Woodbridge, Virginia - Senator Tim Kaine, a former Democratic candidate for vice-president, thinks it's a good idea to promote more incentives to pharmaceutical production in Puerto Rico, now that the coronavirus crisis in China deepens the U.S. dependence on that market.
Kaine brought the issue up for discussion at a roundtable with representatives of the Puerto Rican diaspora in Woodbridge, Virginia. "Puerto Rico has to be in the front row of that discussion," said Kaine later in an interview with El Nuevo Dia.
Kaine had read the Sunday op-ed in the conservative New York Post on the coronavirus having exposed America's overdependence on the drugs its companies produce in China.
The newspaper called to revive federal tax incentives for pharmaceutical companies establishing in Puerto Rico, referring to the old section 936 of the federal Internal Revenue Code, which was in effect until the middle of the first decade of this century.
"Moving to ensure some domestic capacity for future crises is a no-brainer. And boosting Puerto Rico, now struggling with a debt crisis plus hurricane and earthquake damage, should be one, too," the newspaper added.
According to the newspaper, “about 90 percent of the active ingredients (manufactured “precursors”) used by US drugmakers now come from China.”
Both the White House and the chairman of the Senate Committee on Finance, Republican Charles Grassley (Iowa), are examining possible tax incentives for companies adversely affected by the coronavirus crisis.
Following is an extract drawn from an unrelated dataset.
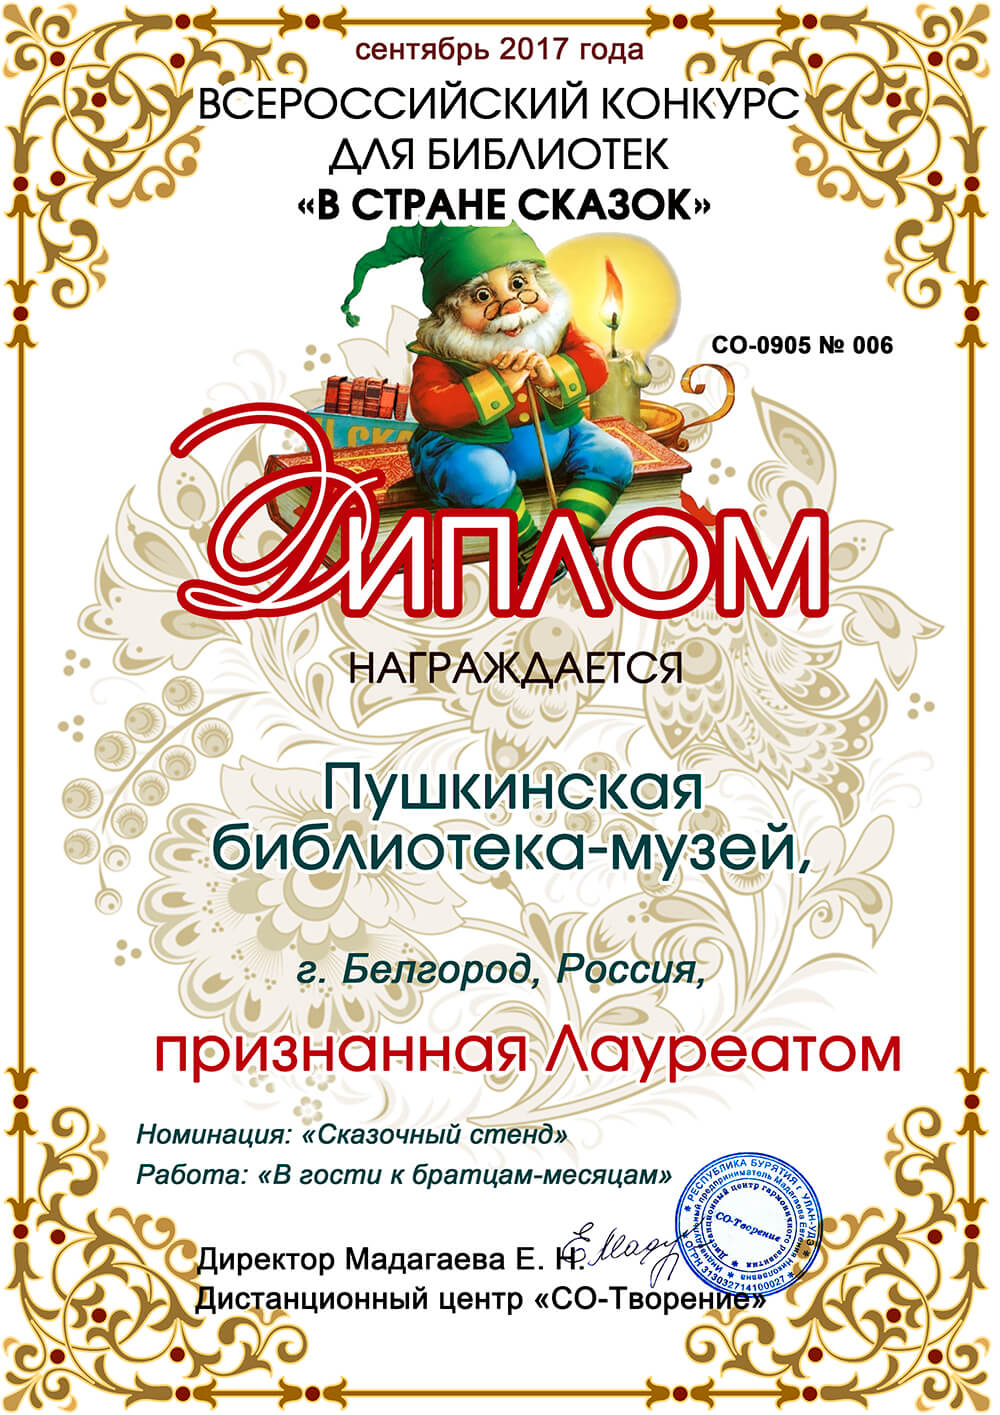 Пушкинская библиотека-музей – лауреат всероссийского конкурса

Anoche, el presidente Donald Trump dijo que solicitará al Congreso que reduzca los impuestos sobre la nómina y brinde alivio a los que obtienen ingresos por hora.
Last night, President Donald Trump said he will ask Congress to discuss “a possible payroll tax cut or relief,” and that they “are also going to be talking about hourly wage earners getting help so that they can be in a position where they’re not going to ever miss a paycheck.”
"Several options are being considered within the committee's jurisdiction as we learn more about the effects on specific industries and the economy in general," said Michael Zona, director of communications for the Senate Committee on Finance, without referring to the New York Post op-ed.
Senator Kaine said he doesn't know if the answer should be a tax incentive like Section 936 - which raised opposition because of high profits for multinationals when compared to the number of jobs it created - or other alternatives like encouraging job training.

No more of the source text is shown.